Take the stroller. (A) it carries your child, and (b) you can hang purses, diaper bags, backpacks, or whatever on it to lessen your load. Which, depending on the airports you're dealing with, can be ugly to juggle without help.

We just did two kids, just under two and just under three, and while the elder was mostly good for walking the whole way, the younger ... yeah. A stroller would have been a godsend. Particularly when she decided she hated the sling while in the (loooooong) line to have passports checked. At worst it's wheels to haul your stuff while one of you carries your son.

Otherwise ... we packed a lot of entertainment, but frankly the kids found being on a plane novel enough to be entertaining, and when that stopped being entertaining there was _nothing_ that they were going to be entertained by. Honestly the best voice of experience I can give is just to say be prepared for a more physically tiring and uncomfortable trip than usual.

Non-sticky snacks are also in the realm of godsends.

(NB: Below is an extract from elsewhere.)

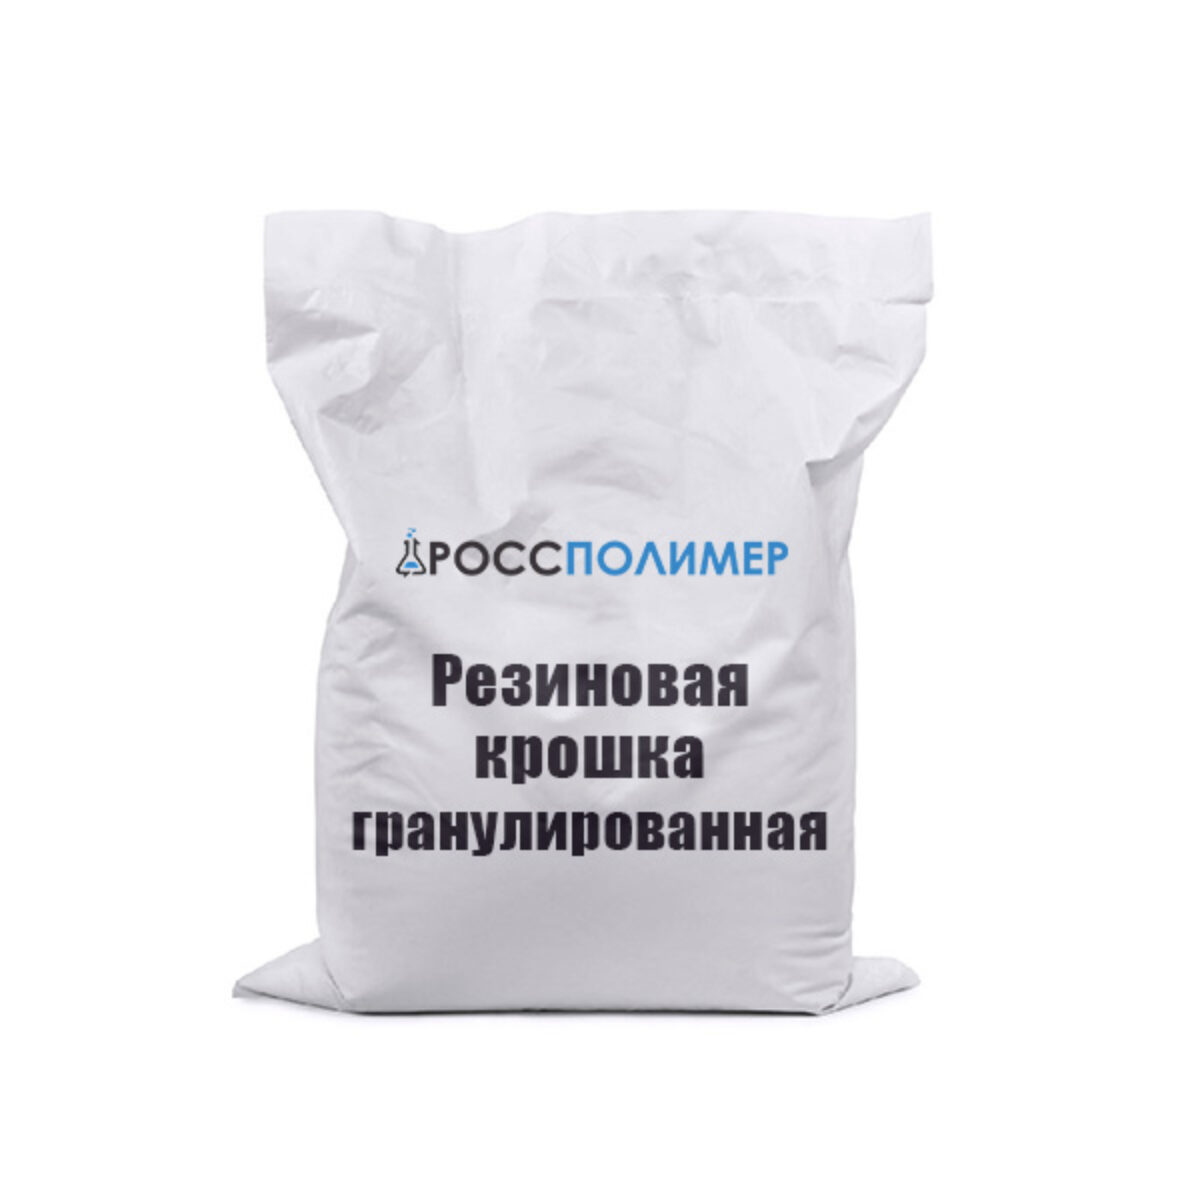 Резиновая крошка гранулированная купить по цене производителя ☛ Доставка по  России РоссПолимер

Oh, and I know a lot of people have strong feelings about "baby leashes," but if your son is willing to / wants to walk some, the Eddie Bauer monkey backpack was some of the best money I've ever spent. My son fell in love with it, and knowing he couldn't wander off due to any distraction at check-in or security or whatever was fantastic. Plus it made a good plane snuggly.


----------



## yasinsmama (Mar 9, 2008)

Thanks so much everyone!!

Liquesce (Salaam)- Funny you should mention it. I don't like the "leashes", but I jokingly mentioned that this would be a good situation for one. So I'm seriously considering it. We are going to Morocco, the streets are ridiculously crowded. If you take your hand off of your kid for one second, they're gone (atleast that's what my paranoid brain keeps envisioning). If not for any other reason, it would give me peace of mind to use over there.


----------



## Liquesce (Nov 4, 2006)

Wa salam~ Well if you do decide it's a better practicality than a joke, the ones I mentioned really are more like just having a stuffed animal along. None of that kind of ... I don't know, cold utilitarian vibe? That such things can sometimes have.

I had also packed a small stuffed animal for my daughter, which once there my son decided he could not let go of for anything. If Yasin doesn't already have a lovey you might consider packing something that would make a good one, just in case the change of environment leaves him wanting one.

I hope you all enjoy your trip.


----------